- Katharine Bard and Art Carney from "The Fabulous Irishman"
- Episode no.: Season 1 Episode 39
- Directed by: John Frankenheimer
- Written by: Elick Moll
- Original air date: June 27, 1957

Guest appearance
- Art Carney as Robert Briscoe;

Episode chronology
| ← Previous "Ain't No Time Glory" | Next → "The Death of Manolete" |

= The Fabulous Irishman =

"The Fabulous Irishman" is an American television play broadcast live on June 27, 1957, as part of the CBS television series, Playhouse 90. It is the thirty-ninth episode of the first season.

==Plot==
The play begins in 1918 when Robert Briscoe, a young Orthodox Jew living in Dublin under British-rule, defies his father's wishes and joins the IRA during the Irish War of Independence. He smuggles arms past the Black and Tans and becomes the subject of a "shoot on sight" order.

==Cast==

Additionally, Eddie Cantor hosted the broadcast.

==Production==
Martin Manulis was the producer and John Frankenheimer the director. Elick Moll wrote the teleplay. The play was presented live on June 27, 1957.

==Reception==
In The New York Times, J. P. Shanley called it "a splendid tribute to a colorful patriot" and "a most creditable conclusion" to Playhouse 90s first season. Shanley wrote that Carney was "ideal" for the title role and that Carney has proven himself "a versatile and brilliant actor."

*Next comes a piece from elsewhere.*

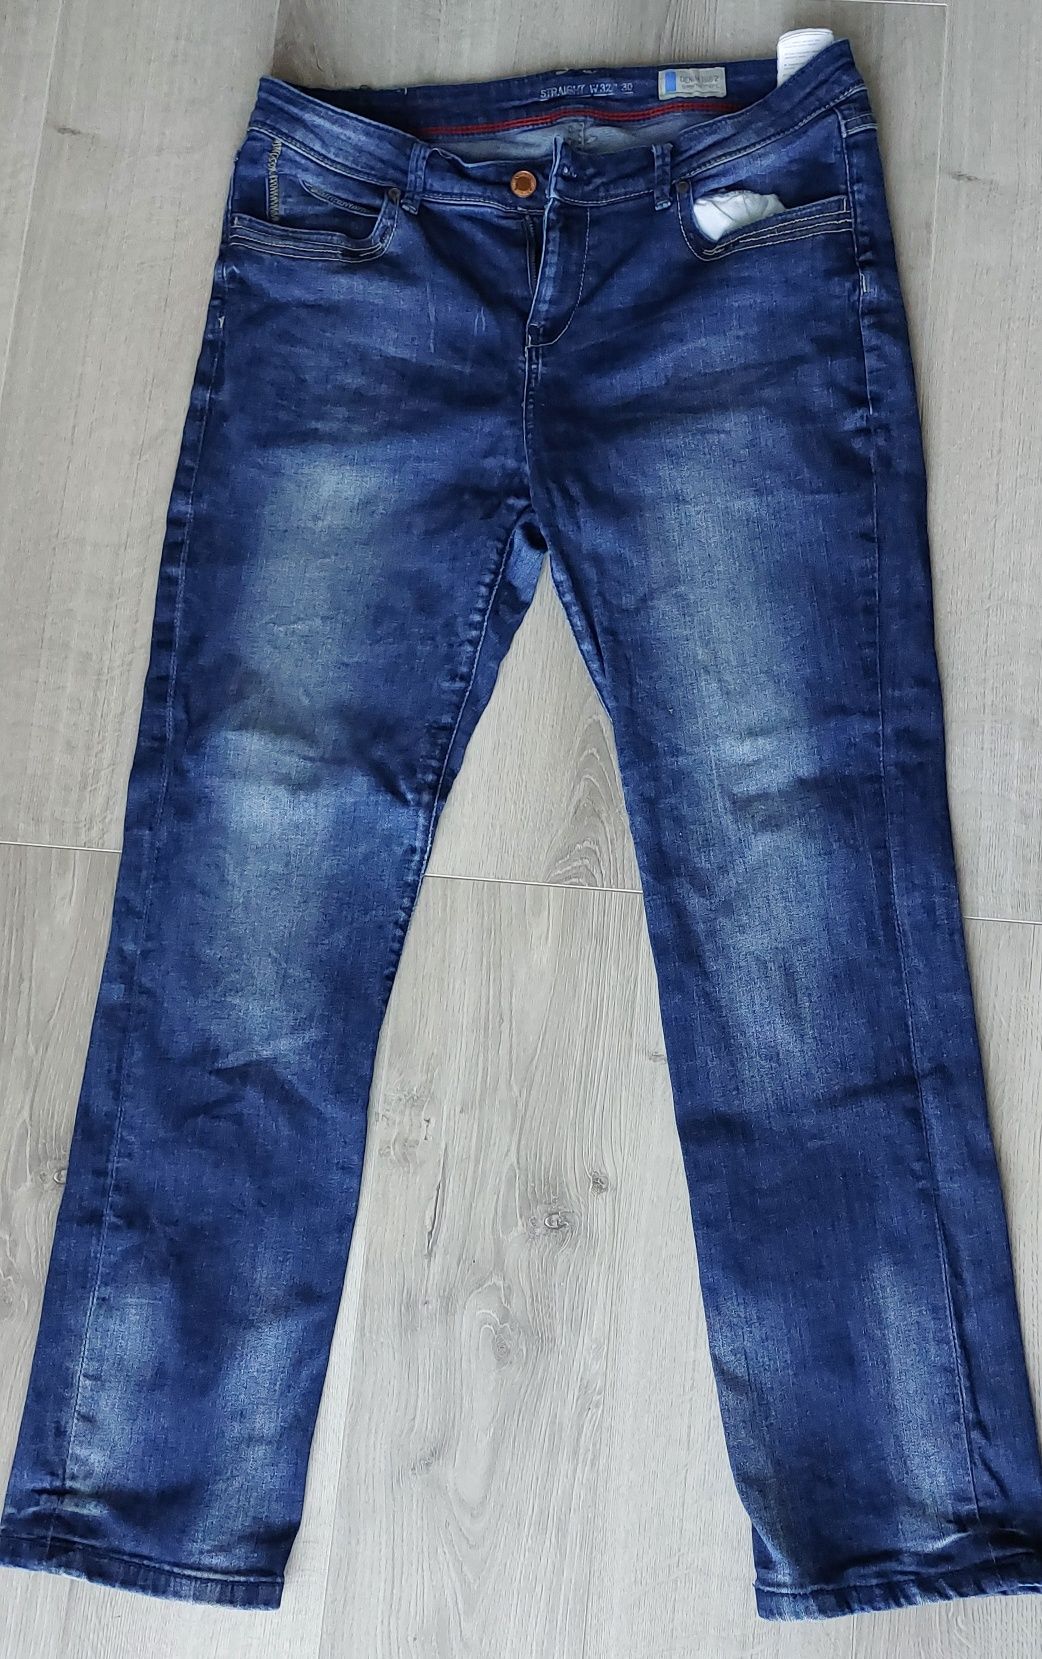 Niebieskie spodnie męskie dżinsowe marki DENIM1982 stan bardzo dobry

In The Boston Globe, Elizabeth W. Driscoll called it "one of the most heartwarming offerings of the season and "a story that had all the authenticity and much of the impact of 'The Informer' without its great tragedy." She praised the absence of "sanctimonious little speeches" and wrote that Carney gave a performance that "helps convince you television is a wonderful thing."